Dada2 while comparing microbiome in highly and low areas of enrichment?

My apologies in advance - I am new to bioinformatics and QIIME2 (v2023.2).

I am working on a project where I am trying to compare and correlate microbiomes from highly enriched regions such as feces/intestines to regions with much low levels of the microbiome (think lungs, certain tumors, etc.). I performed MiSeq 2x250bp for the V4 region.

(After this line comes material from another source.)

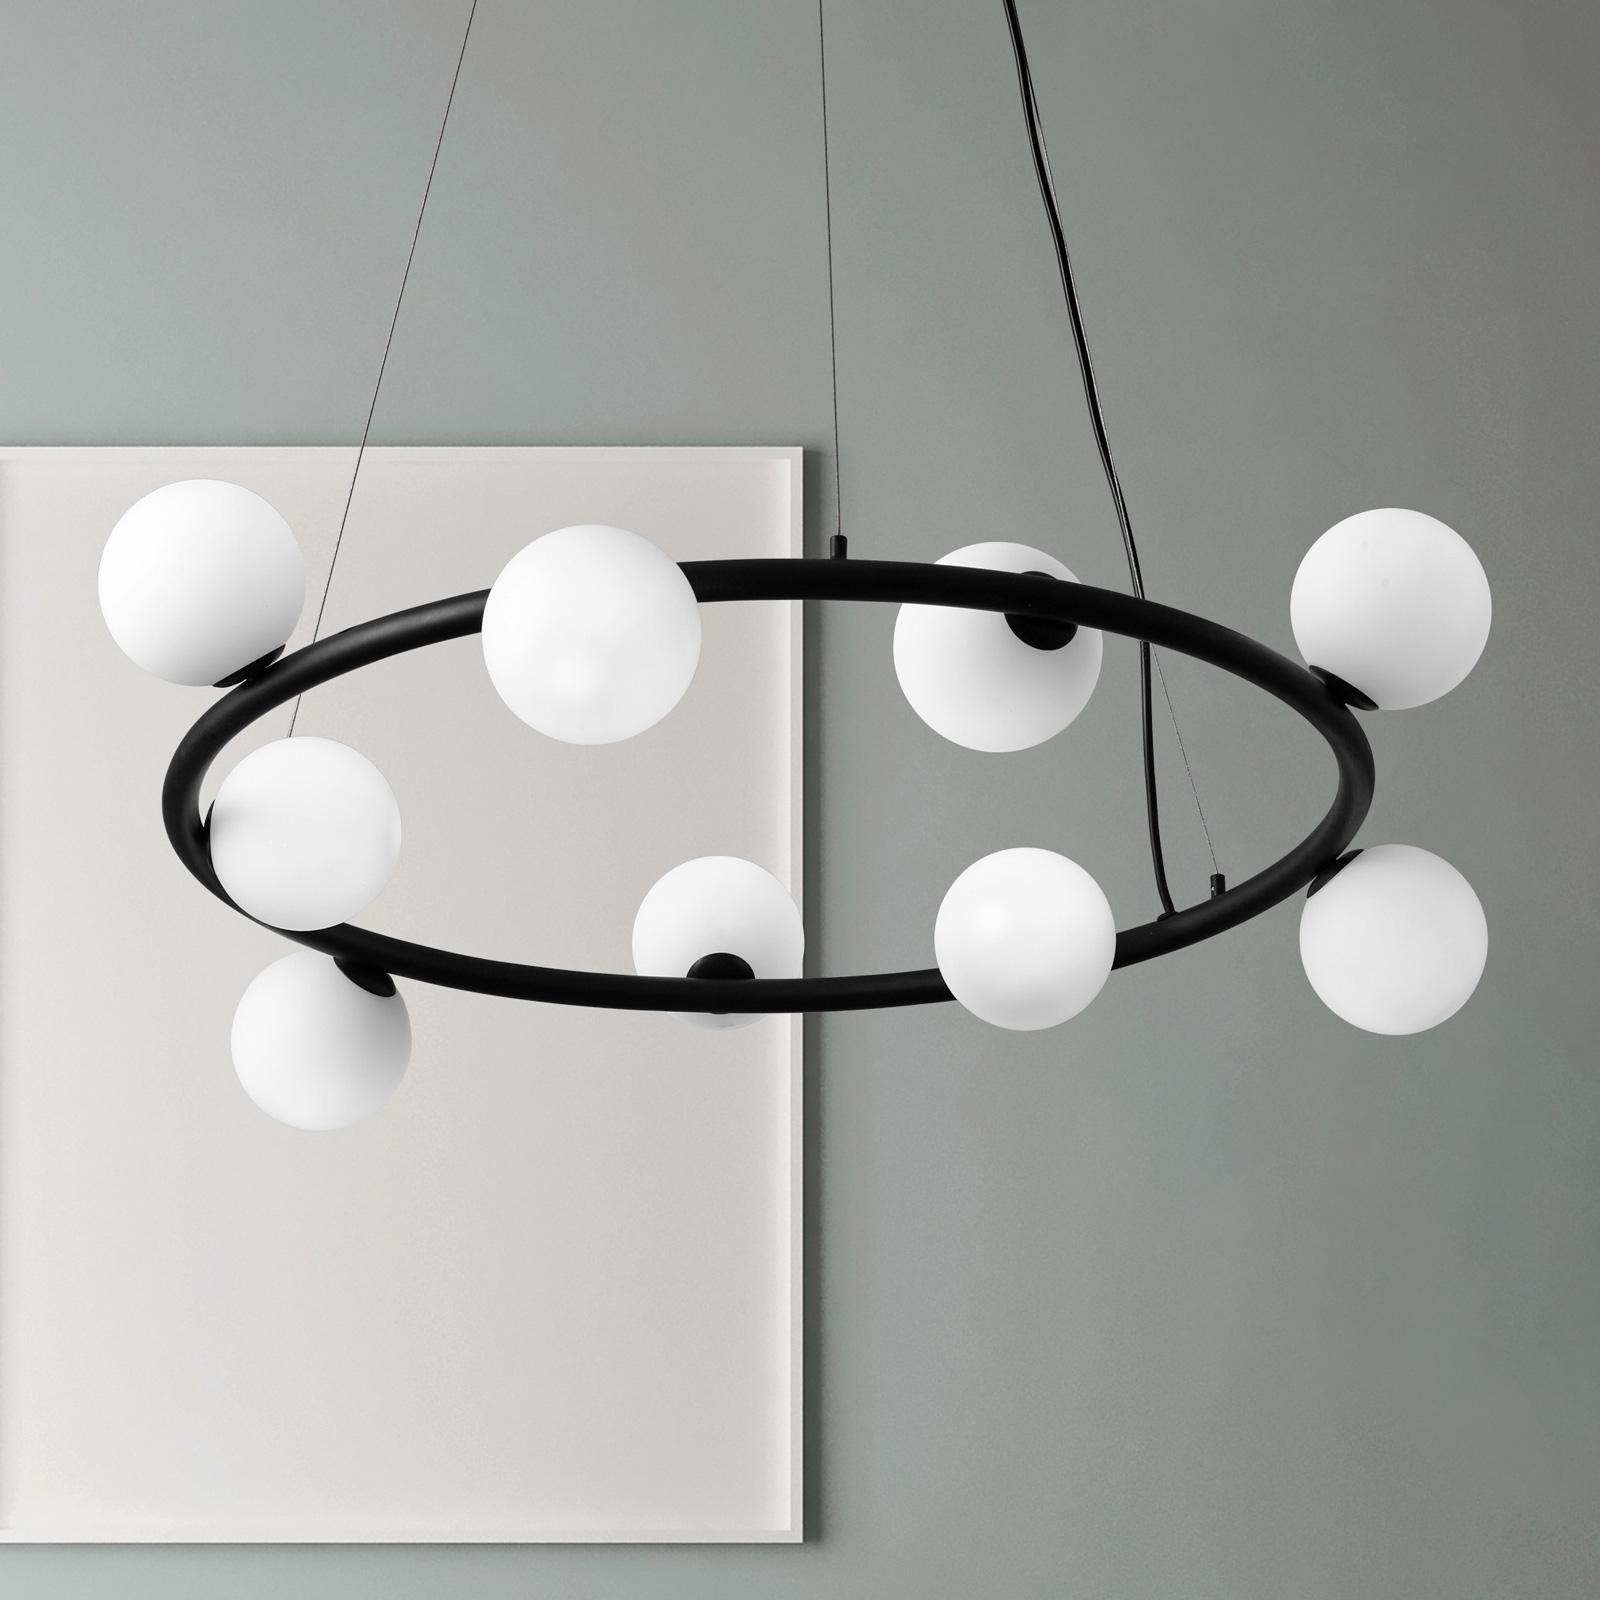 Riippuvalaisin Pomì 9-lamppuinen, jossa lasipallot

I performed primer trims and truncated low quality regions of the sequences, but I am getting super low frequencies.

QZV after Demultiplexing:
paired-end-demux0.qzv (319.2 KB)

QZV after Trimming Primers (505F and 806R):
primer-trimmed-demux0.qzv (325.6 KB)
Primertrimming.txt (243.3 KB)

Post DADA2:
denoising_stats.qzv (1.2 MB)
table.qzv (418.1 KB)
rep_seq.qza (24.9 KB)

I performed DADA2 denoising on q2galaxy server because of a slow computer, but my truncation length was F: 230 and R: 160.

What would be your suggestions for this sort of data analyses? A lot of my samples of interest (H1, H2, H3, H4) have 0 frequencies. Any help would be appreciated. Thanks!

Hello @macrobiome,

There is a lot going on here, but the quickest bang for your buck will be to adjust your forward truncation length lower. From the interactive quality plot tab you can see that the median forward read length is 230 nts. Setting your forward truncation length to 230 thus discards 50% of your reads right off the bat. Try 225 or so.

It also looks like you are safe to extend the reverse truncation cutoff to about 220. Try changing these parameters and rerunning, and we can discuss from there.



Thank you so much! These are the results I got. I think they look much better?
rep-seqs-dada2-ec2.qzv (347.4 KB)

Hello @macrobiome,

If you also share the denoising stats file we'll be better able to tell how things went this time. But glad to hear that things are looking better!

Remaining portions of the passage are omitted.